According to the journalist who was busily taking down the exchange, these last words were uttered:- “vehemently and with great natural eloquence.”
“There’s no occasion for that,“ snapped the Lord Mayor, trying to mask his indignation at the girl’s impudence, “there are many means of getting an honest living.”
HER FAMOUS REPLY
Mary Ann Donovan’s response would turn an everyday court case into a cause célèbre, and would, for a short time at least, transform this eigteen-year-old Irish street trader into a national celebrity:-
“Then, sir, tell me how. I can’t take a shop, and if I sell in the streets you say l am liable to a forty shilling fine, or a month. If I beg, you’ll give me three months, perhaps; and if I steal I don’t know what will become of me. So tell me, if you can, what a poor girl can do?”
FOURTEEN DAYS IN PRISON
Infuriated by her audacity, the Right Honourable David Williams Wire, bristled, stiffened himself, puffed out his chest, and told her:-
“At all events, you must keep out of the City, and, as you have been here before, I must send you to prison for 14 days.”

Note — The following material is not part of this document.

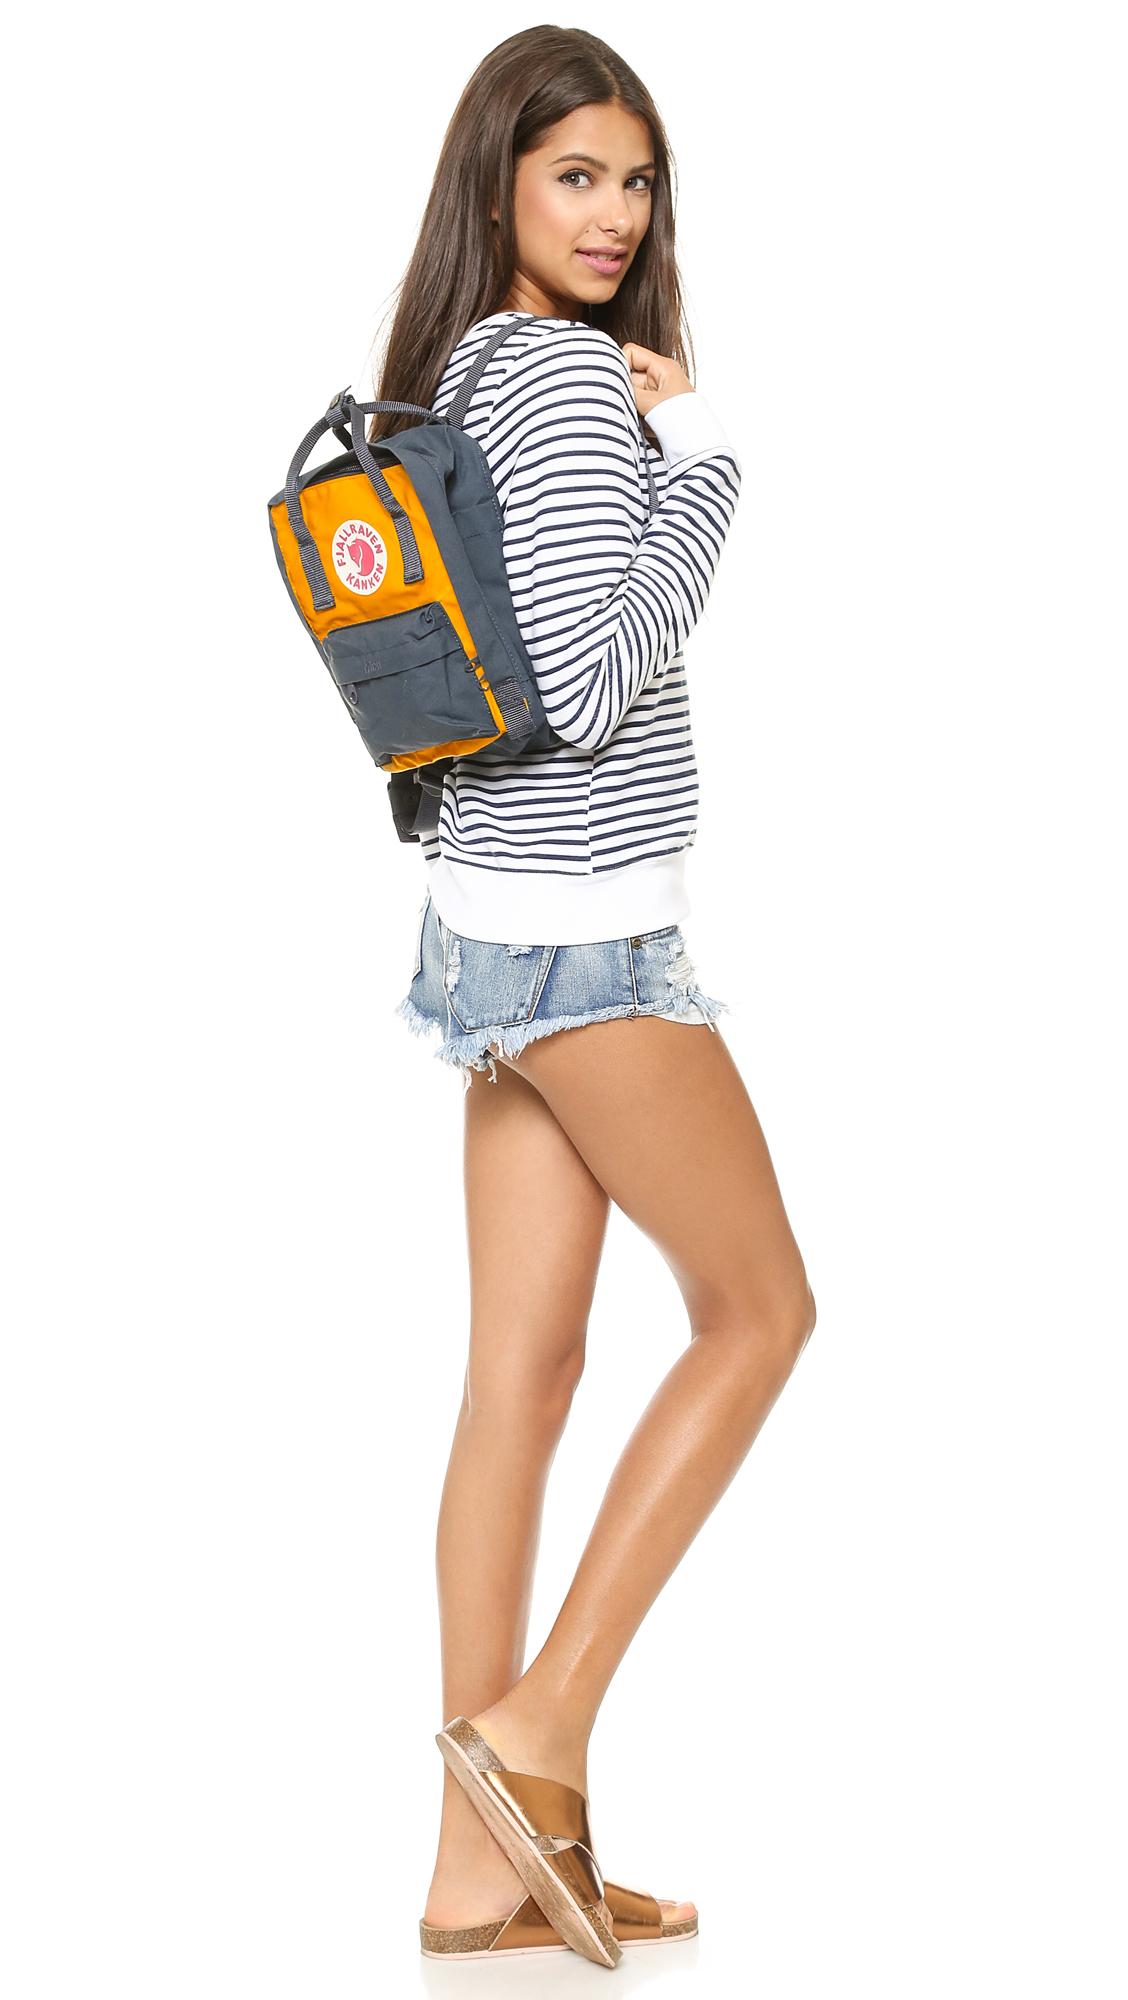 56b82ebc2a Fjallraven Kanken Mini Backpack - Navy warm Yellow in Yellow - Lyst

And so, Mary Ann Donovan was removed from the dock and was taken to Holloway Prison to serve her sentence.
THINGS WERE ABOUT TO GET UNCOMFORTABLE
The Lord Mayor returned to his official residence within the Mansion House, where he put all thoughts of the poorly-clad, but clean, Irish girl out of his mind.
Meanwhile, the journalist who had been taking down the cases at the Mansion House Court for a press agency returned to his office and filed his copy for the Monday newspapers.
Unbeknownst to the unsuspecting Right Honourable David Williams Wire, that brief Saturday morning courtroom exchange was about to turn him into a national pariah and figure a fun.